Dalam beberapa hari terakhir, sejumlah wilayah di Indonesia, termasuk ibu kota Jakarta, mengalami fenomena cuaca yang membuat gerah. Suhu udara melonjak drastis, bahkan mencapai puncaknya hingga 35 derajat Celsius di Jakarta. Di beberapa kota besar lain, termometer bahkan menyentuh angka 36 derajat Celsius.
Badan Meteorologi, Klimatologi, dan Geofisika (BMKG) segera turun tangan untuk menjelaskan fenomena suhu tinggi ekstrem yang dirasakan masyarakat ini. Deputi Bidang Meteorologi BMKG Guswanto, dalam keterangan tertulisnya menyebutkan bahwa ada beberapa faktor utama yang berkontribusi terhadap kondisi yang membuat kepala pusing ini.
Faktor pertama adalah pergeseran semu Matahari ke selatan Indonesia. Pergeseran posisi ini secara langsung menyebabkan peningkatan intensitas radiasi matahari yang diterima oleh wilayah Indonesia bagian selatan. Dampaknya, energi panas yang sampai ke permukaan Bumi menjadi sangat tinggi.
Selain itu, kondisi atmosfer juga memperburuk keadaan. Minimnya tutupan awan di langit membuat sinar Matahari langsung menyentuh permukaan Bumi tanpa ada hambatan signifikan. Akibatnya, panas terasa lebih menyengat.
"Masa pancaroba, yaitu peralihan dari musim kemarau ke musim hujan, yang biasanya ditandai dengan suhu udara yang tinggi dan cuaca yang tidak menentu," ujar Guswanto, dikutip Rabu (15/10/2025).

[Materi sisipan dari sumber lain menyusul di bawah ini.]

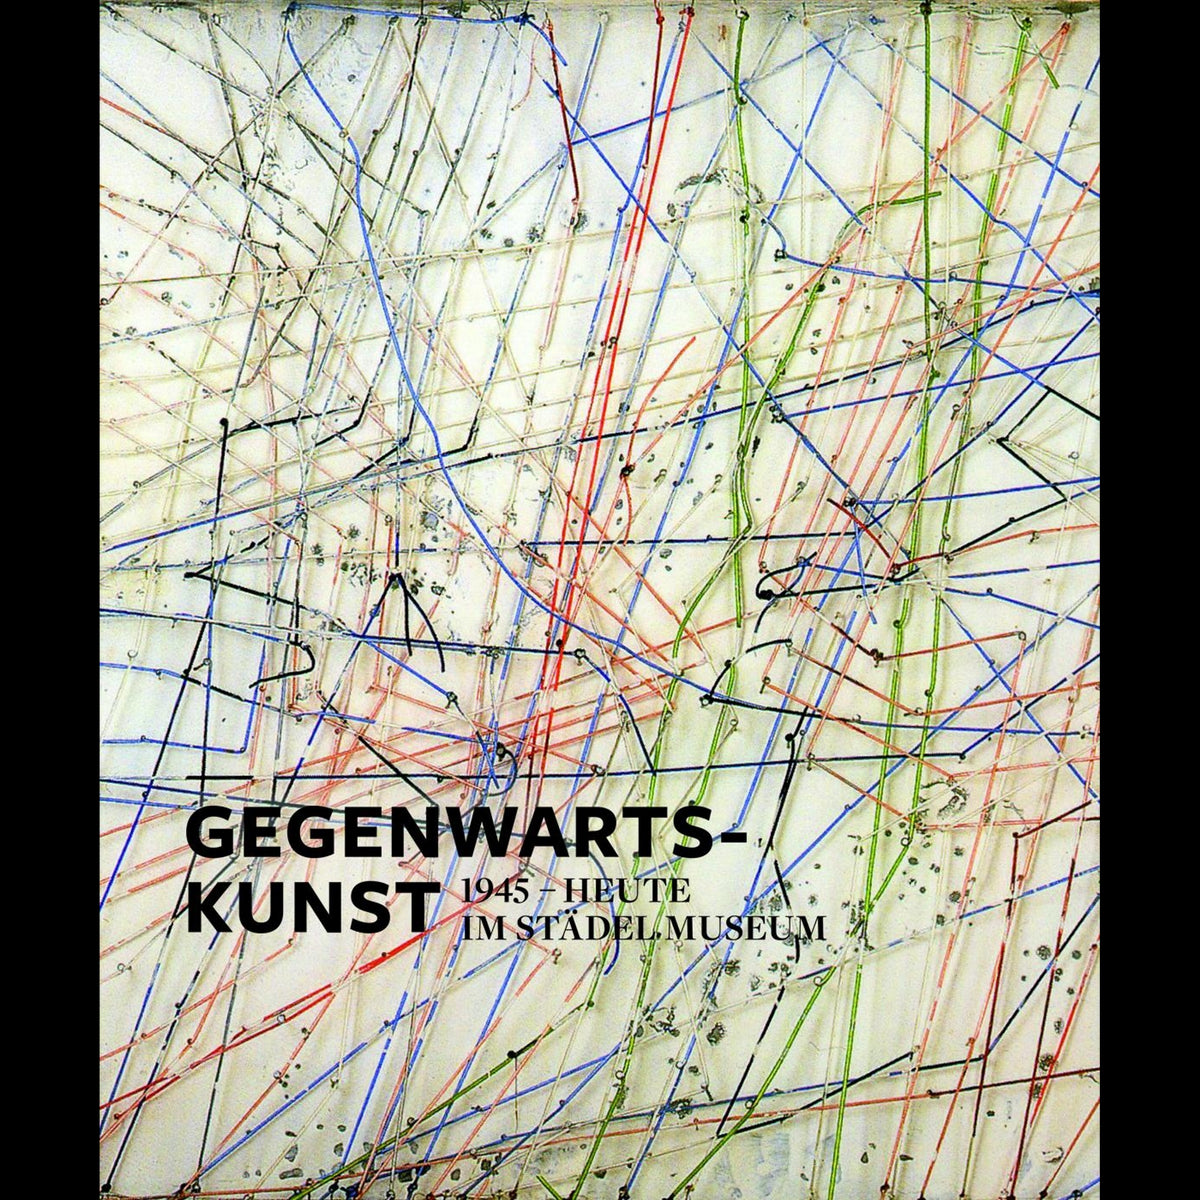 Coverbild Gegenwartskunst (1945-heute) im Städel Museum

Transisi musim ini memang seringkali identik dengan peningkatan suhu yang cukup signifikan.
Wilayah Terdampak dan Prediksi Peredaan Suhu
Gelombang panas ekstrem ini tidak hanya menerpa Jakarta. Beberapa wilayah di Pulau Jawa dan Nusa Tenggara juga menjadi korban utama, di antaranya:
- DKI Jakarta: Mencatat suhu mencapai 35 derajat Celsius.
- Surabaya dan Sidoarjo, Jawa Timur: Suhu mencatatkan rekor tertinggi hingga 36 derajat Celsius.
- Semarang, Grobogan, dan Sragen (Jawa Tengah): Suhu berkisar antara 34-35 derajat Celsius.
- Bali dan Nusa Tenggara: Mencatat suhu sekitar 35 derajat Celsius.
BMKG memprediksi bahwa cuaca panas ekstrem yang mencekik ini tidak akan berlangsung lama. Suhu diperkirakan akan mulai mereda pada akhir Oktober hingga awal November 2025.
Peredaan ini diharapkan seiring dengan mulai meningkatnya tutupan awan dan kedatangan musim hujan yang dinanti-nantikan.
Imbauan BMKG: Hindari Dehidrasi dan Kurangi Aktivitas Berat
Menanggapi kondisi yang berisiko ini, BMKG memberikan sejumlah imbauan penting kepada masyarakat sebagai langkah antisipasi.
Masyarakat disarankan untuk sebisa mungkin menghindari paparan langsung sinar matahari terutama pada rentang waktu paling panas, yakni antara pukul 10.00 hingga 16.00 WIB. Penggunaan pelindung diri menjadi wajib: topi, payung, dan sunscreen harus menjadi perlengkapan standar saat beraktivitas di luar ruangan.
Yang paling penting, masyarakat wajib memperbanyak konsumsi air putih untuk menghindari dehidrasi serius (heatstroke).
"Bagi masyarakat yang banyak beraktivitas di luar ruangan, sebaiknya mengurangi kegiatan fisik berat pada siang hari, terutama bagi anak-anak dan lansia," tutup Guswanto, menekankan pentingnya perhatian ekstra bagi kelompok rentan.